**Your objective**
What you return should be the complete listing, unchanged, with no pictures in it.

**Data segment**
[Start of section]

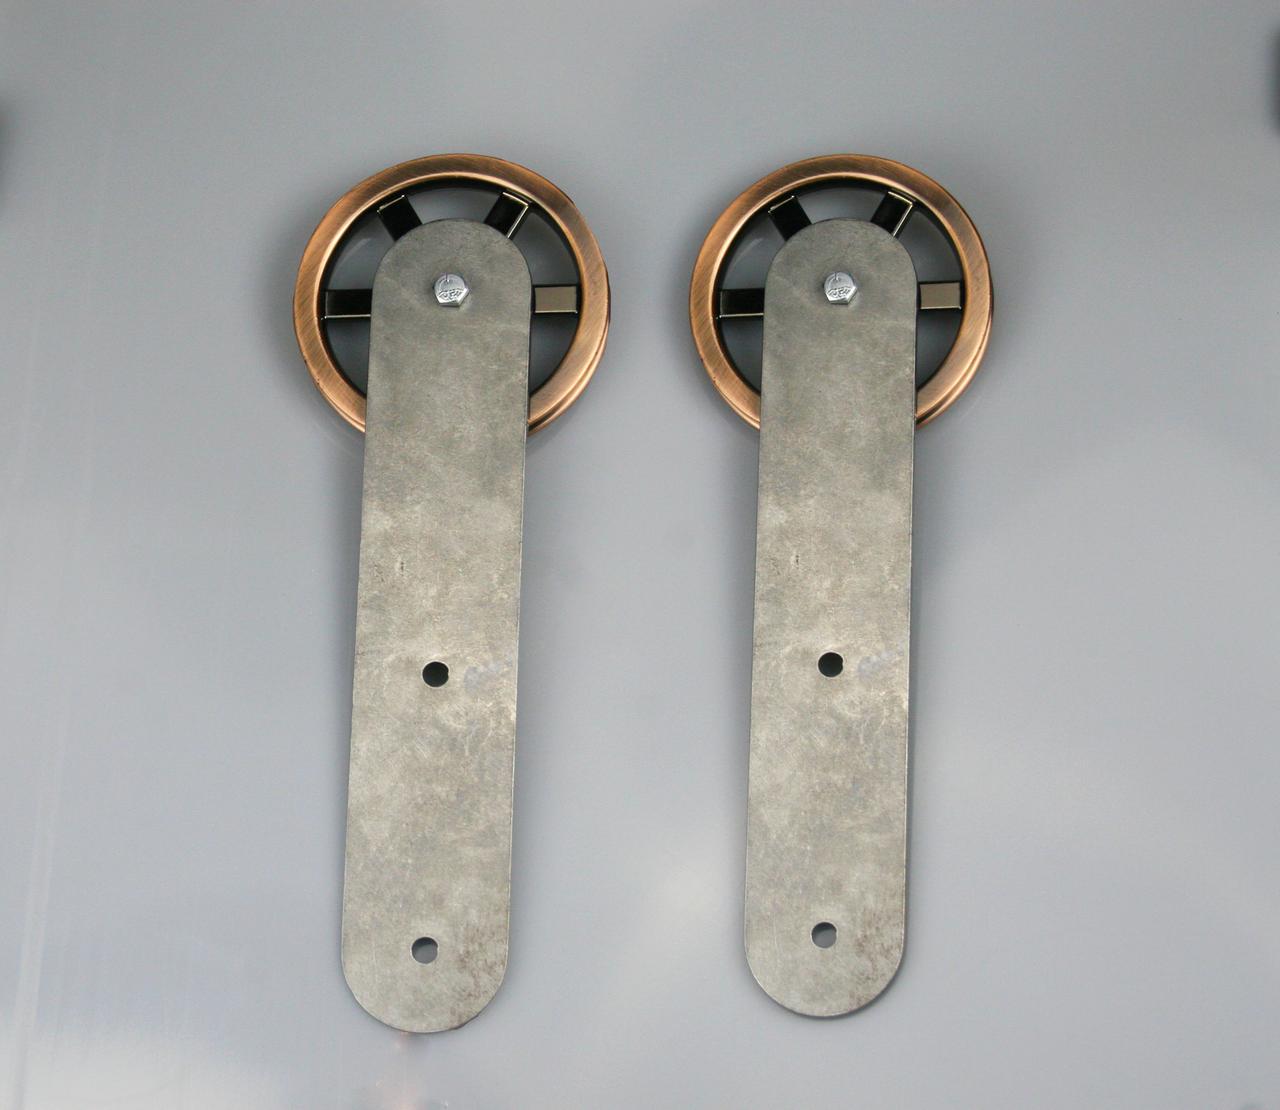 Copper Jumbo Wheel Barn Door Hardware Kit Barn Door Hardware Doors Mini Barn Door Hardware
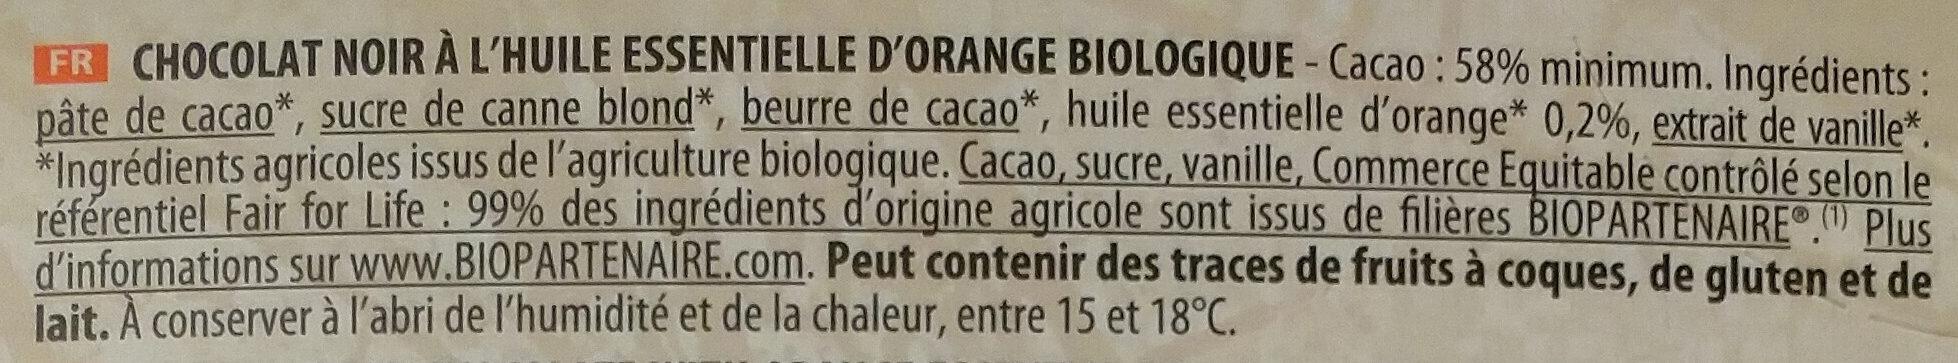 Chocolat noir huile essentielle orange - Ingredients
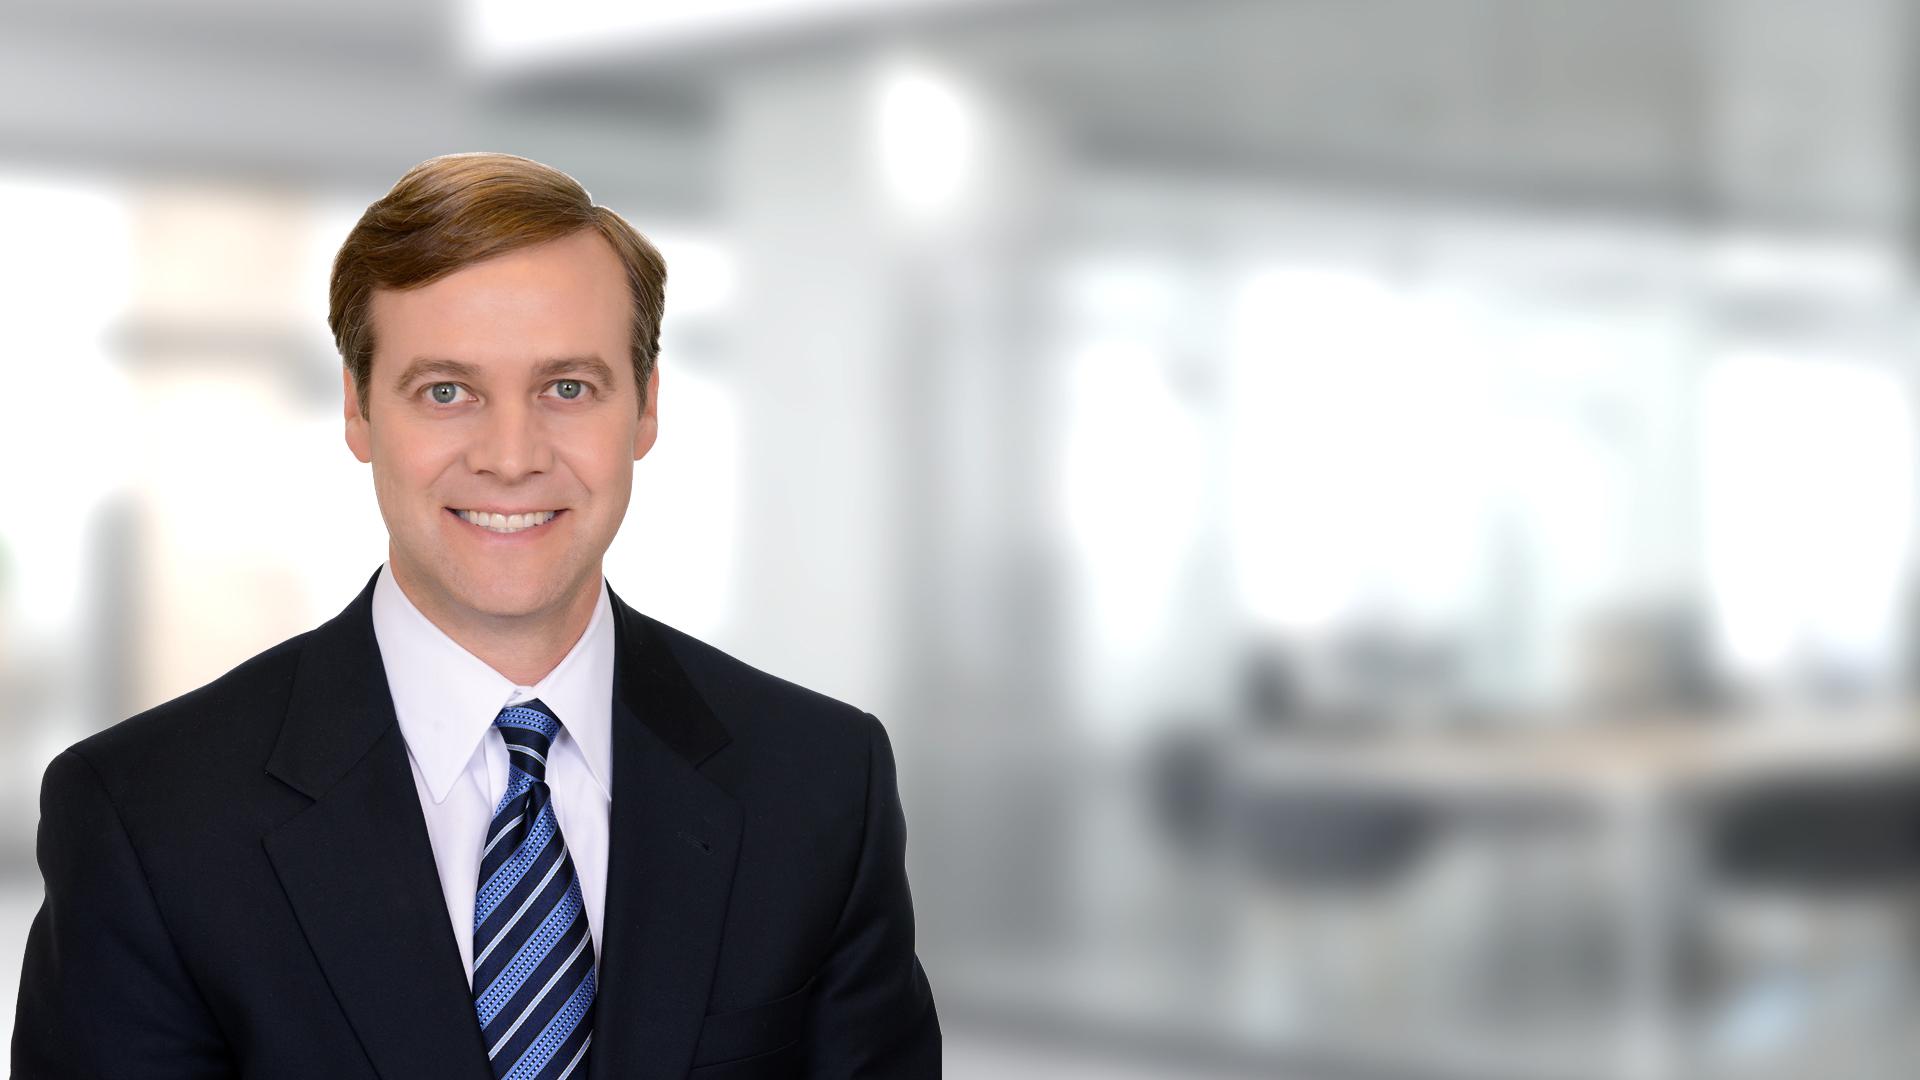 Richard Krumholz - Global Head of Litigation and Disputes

[End of section]

**Answer to this task**
 Copper Jumbo Wheel Barn Door Hardware Kit Barn Door Hardware Doors Mini Barn Door Hardware
 Chocolat noir huile essentielle orange - Ingredients
 Richard Krumholz - Global Head of Litigation and Disputes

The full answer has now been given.